US housing news was mixed. While new home sales decreased 9.2% M/M and 5.2% Y/Y, existing home sales (which is a far larger market) increased .4% M/M. Let’s compare the data:

The chart converts the data to base 100 for comparison purposes. New homes sales moved sideways last year, but made post-recession highs within the last 12 months and came close to that level a second time last year. Existing home sales hit a post-recession high in the 2H15 then dropped at the end of the year. This month’s number returns existing sales to levels near last year’s high. Overall, the housing data is still encouraging. While new homes sales dropped, the data series is volatile and there is no reason to think this is anything other than statistical noise.

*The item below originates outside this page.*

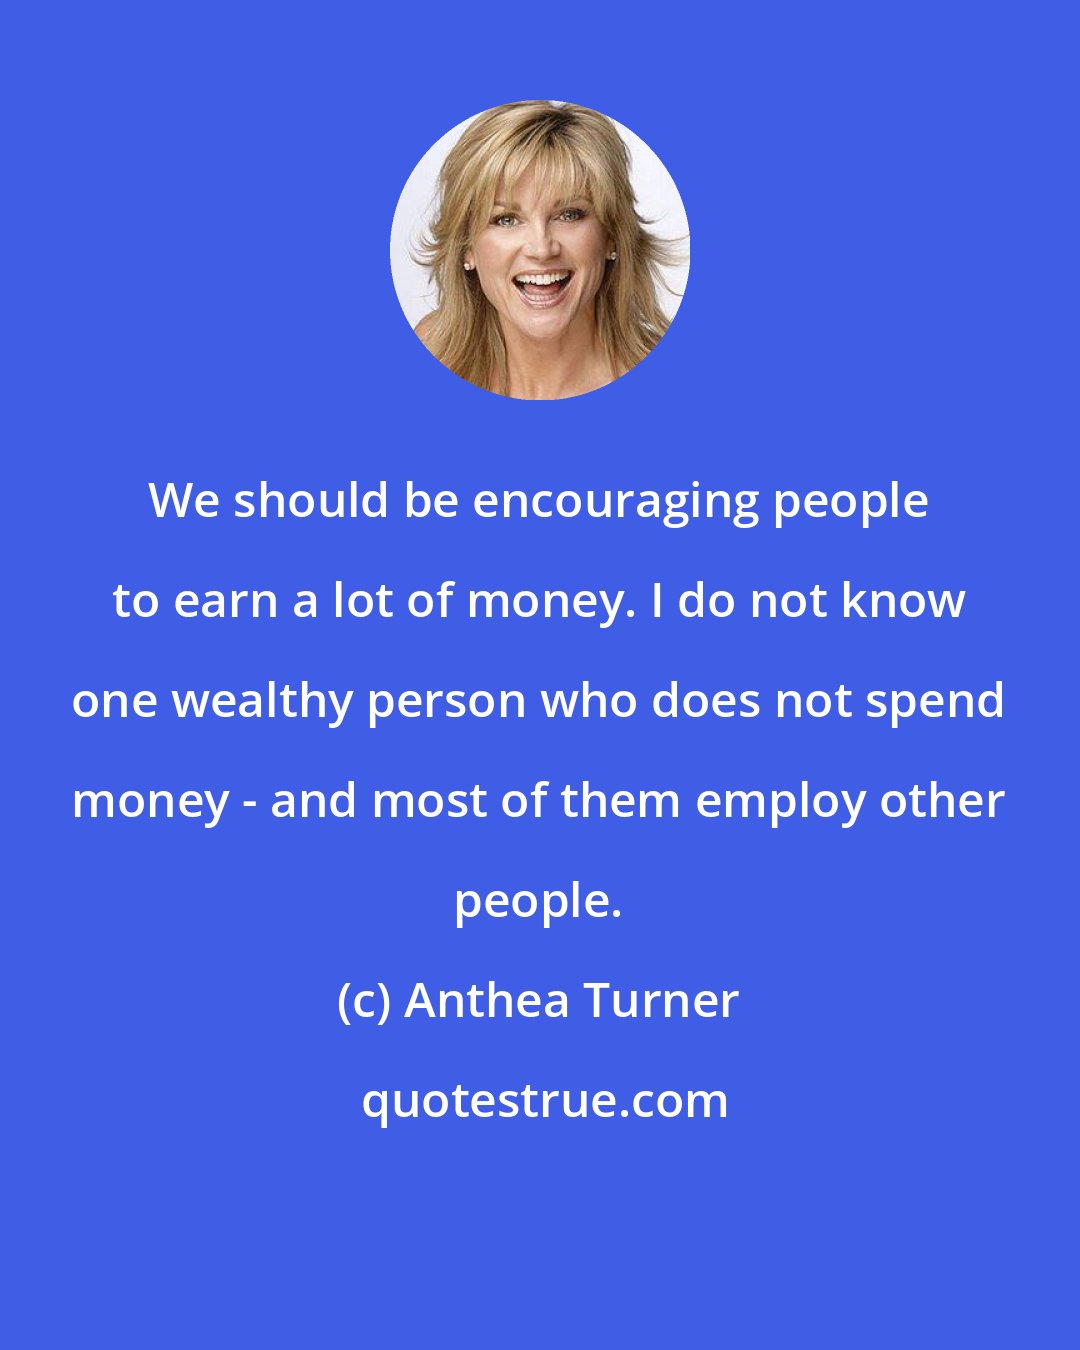 Anthea Turner: We should be encouraging people to earn a lot of money. I do not know one wealthy person who does not spend money - and most of them employ other people.

And existing home sales are near post-recession peaks.

Consumer confidence decreased 5.6 points. However, the bigger potential issue is the decline in future expectations:

The gold line decreased for most of last year which could partially explain the somewhat weaker 4Q15 PCE number. The decline is hardly fatal, but is something to keep an eye on.     

Durable Goods orders increased sharply, rising 4.9%. Even without the volatile transportation component, the figure increased 1.8%. The large increase is most likely the result of short-term pent-up demand. And, this data series continue to move sideways, despite the 1-month increase:

However, an increase is certainly better than a decrease, especially with the weak state of industrial production over the last year. 

And finally on Friday, the BEA released their second estimate of 4Q15 GDP, raising their top-line estimate .3% to 1%. This table from Doug Short shows the percentage contributions from the various components:

Notice the importance of PCEs to the last four quarters; these expenditures accounted for most or all the top-line growth figure. In contrast, investment and exports have been a net drag over the last four quarters, with investment slowing growth in 2H15 and exports dragging growth down for most of last year. Finally, state and local governments have contributed significantly more to growth than federal spending over the last year.